We'll develop it in trying to solve the problem of "how to multiply
quickly" we talked about on the first day of class. This is not how
it was invented historically (and it obscures the connection to the
usual kind of Fourier Transform), but I think it's most natural from the
perspective of Algorithms. You don't need to know what a FT is for
this lecture.
At the start of class we talked about the problem of multiplying big
integers. Let's look at a simpler version of the problem,
which is the problem of multiplying polynomials. It sounds more
complicated, but really it's just the problem of multiplying integers
without the carries.
MULTIPLYING POLYNOMIALS
=======================
E.g., multiply (x^2 + 2x + 3)(2x^2 + 5) =
2x^2 + 0x + 5
1x^2 + 2x + 3
-------------
6 0 15
4 0 10
2 0 5
----------------------------
2x^4 + 4x^3 + 11x^2 +10x+15
MODEL: view each individual small multiplication as a unit cost operation.
More generally, given A(x) = a_0 + a_1 x + ... + a_{n-1}x^{n-1},
B(x) = b_0 + b_1 x + ... + b_{n-1}x^{n-1}
Our goal is to compute the polynomial C(x) = A(x)*B(x).
c_i = a_0*b_i + a_1*b_{i-1} + ... + a_i*b_0.
If we think of A and B as vectors, then the C-vector is called the
"convolution" of A and B.
The FFT is a fast algorithm for computing this convolution. Given
vectors A = [a_0,...,a_{n-1}] and B = [b_0,...,b_{b-1}] we want to
compute C = [c_0,...,c_{2n-2}] where c_i is defined as above.
- Straightforward computation is O(n^2) time. Karatuba is n^{1.58..}
- we'll use FFTs to do in O(n log n) time. This is then used in
Schonhage-Strassen integer multiplication algorithm that multiplies
two n-bit integers in O(n log n loglog n) time. We're only going to do
polynomial multiplication.
High Level Idea of Algorithm
============================
Let m = 2n-1. [so degree of C is less than m]
1. Pick m points x_0, x_1, ..., x_{m-1} according to a secret formula.
2. Evaluate A at each of the points: A(x_0),..., A(x_{m-1}).
3. Same for B.
4. Now compute C(x_0),..., C(x_{m-1}), where C(x) is A(x)*B(x)
5. Interpolate to get the coefficients of C.

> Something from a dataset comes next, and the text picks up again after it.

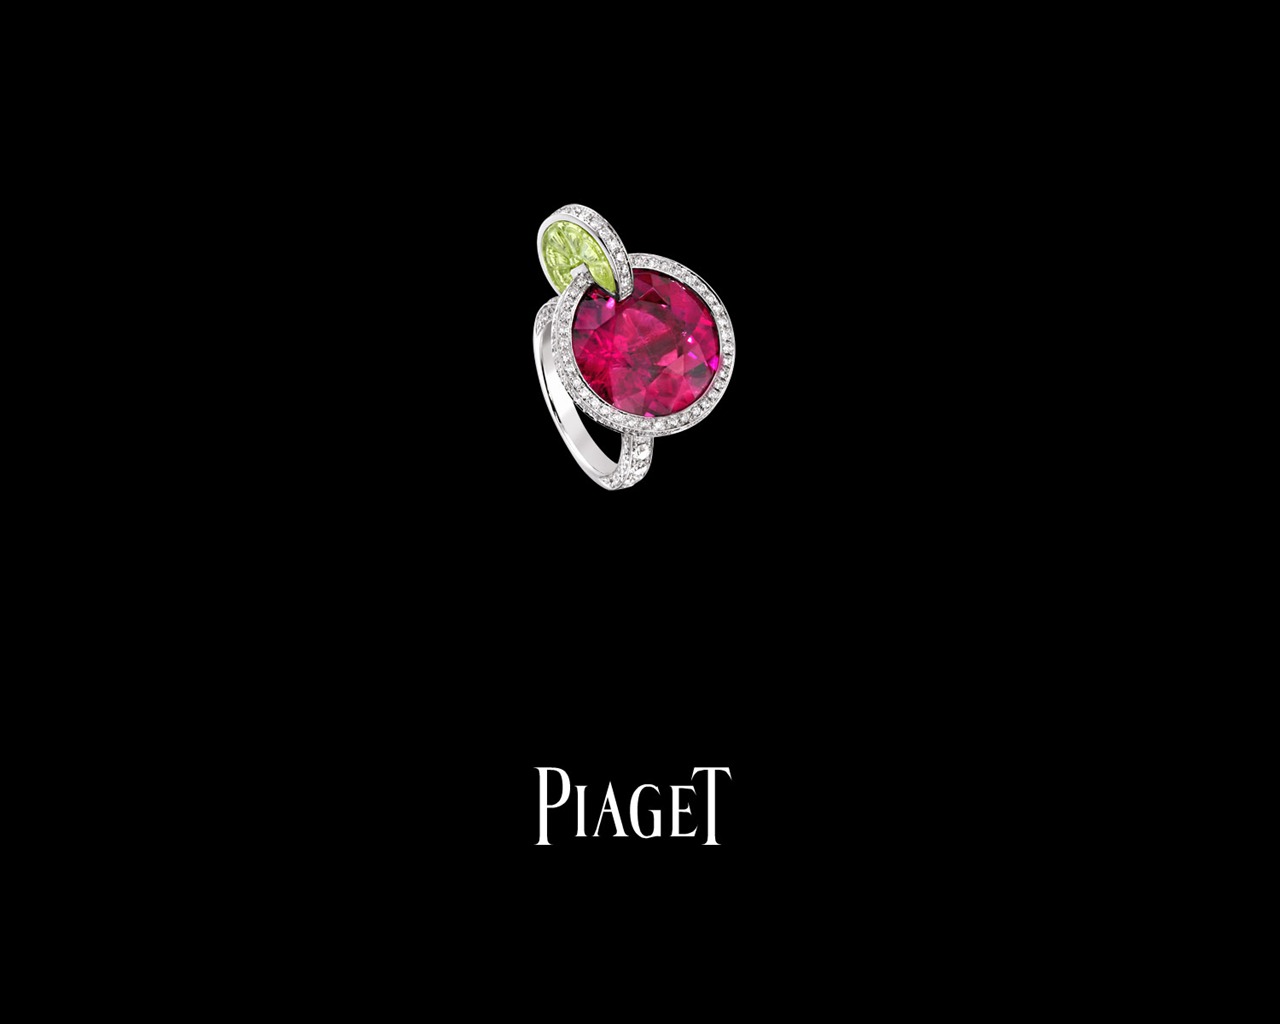 Piaget diamond jewelry wallpaper (4) #20 - 1280x1024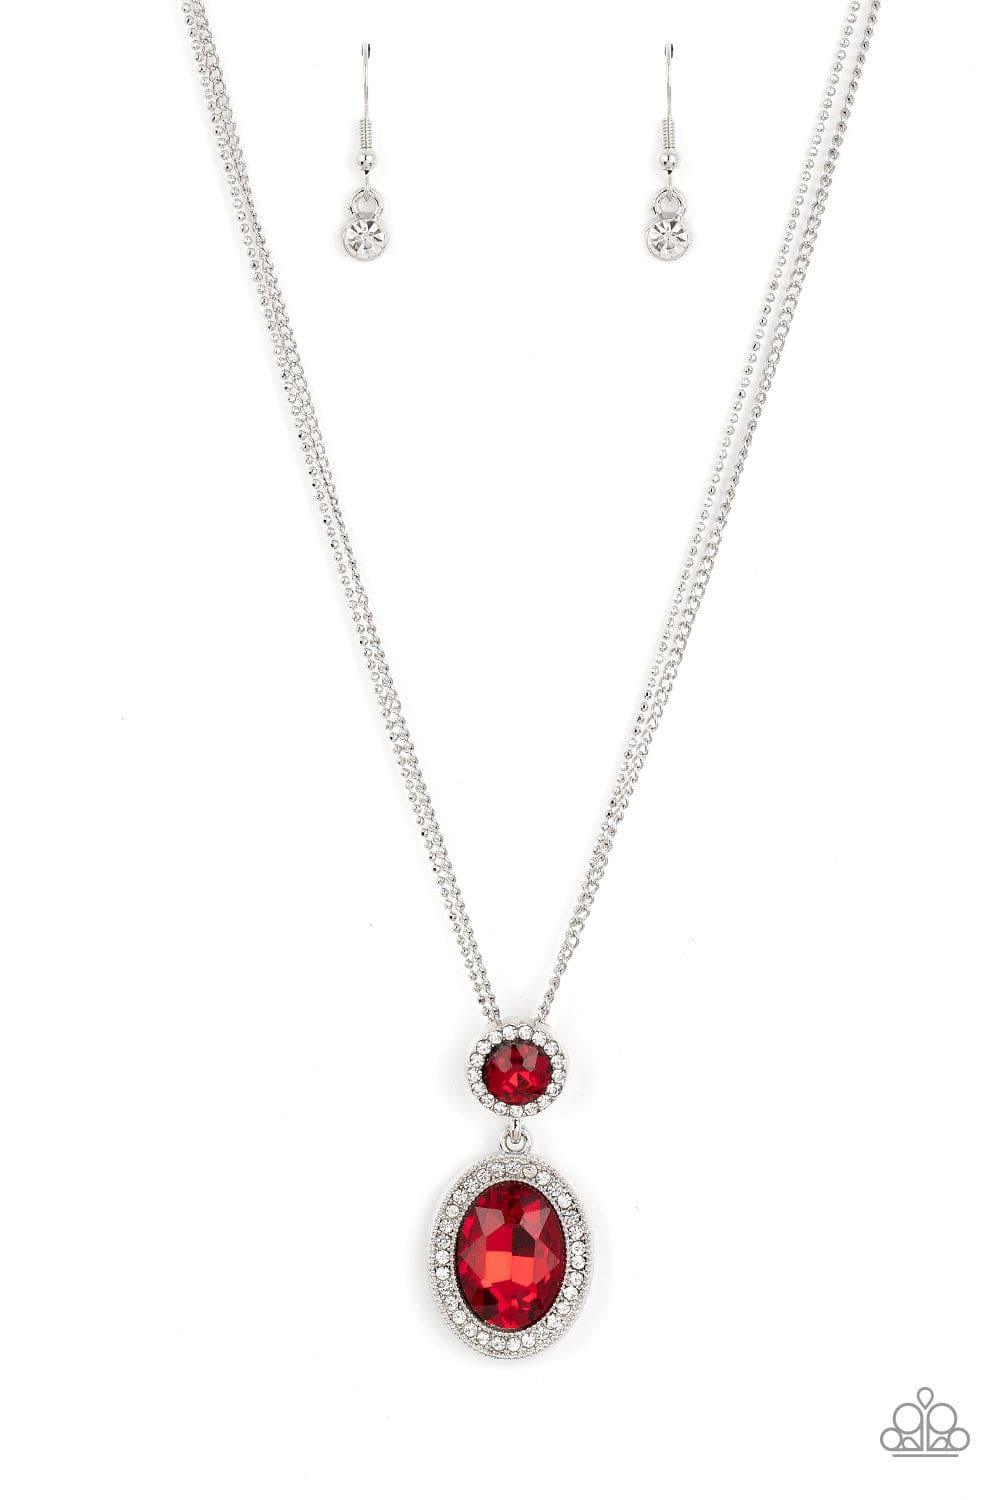 Paparazzi Accessories - Castle Diamonds - Red Necklace - Bling by JessieK

This approach is based on the fact that a polynomial of degree < m is
uniquely specified by its value on m points. It seems patently crazy
since it looks like steps 2 and 3 should take O(n^2) time just in
themselves. However, the FFT will allow us to quickly move from
"coefficient representation" of polynomial to the "value on m points"
representation, and back, for our special set of m points. (Doesn't
work for *arbitrary* m points.)
The reason we like this is that multiplying is easy in the "value on m
points" representation. We just do: C(x_i) = A(x_i)*B(x_i). So, only
O(m) time for step 4.
Let's focus on forward direction first. In that case, we've reduced
our problem to the following:
GOAL: Given a polynomial A of degree < m, evaluate A at m points of our
choosing in total time O(m log m). Assume m is a power of 2.
The FFT:
=======
Let's first develop it through an example. Say m=8 so we have a polynomial
A(x) = a_0 + a_1 x + a_2 x^2 + a_3 x^3 + a_4 x^4 + a_5 x^5 + a_6x^6 + a_7x^7.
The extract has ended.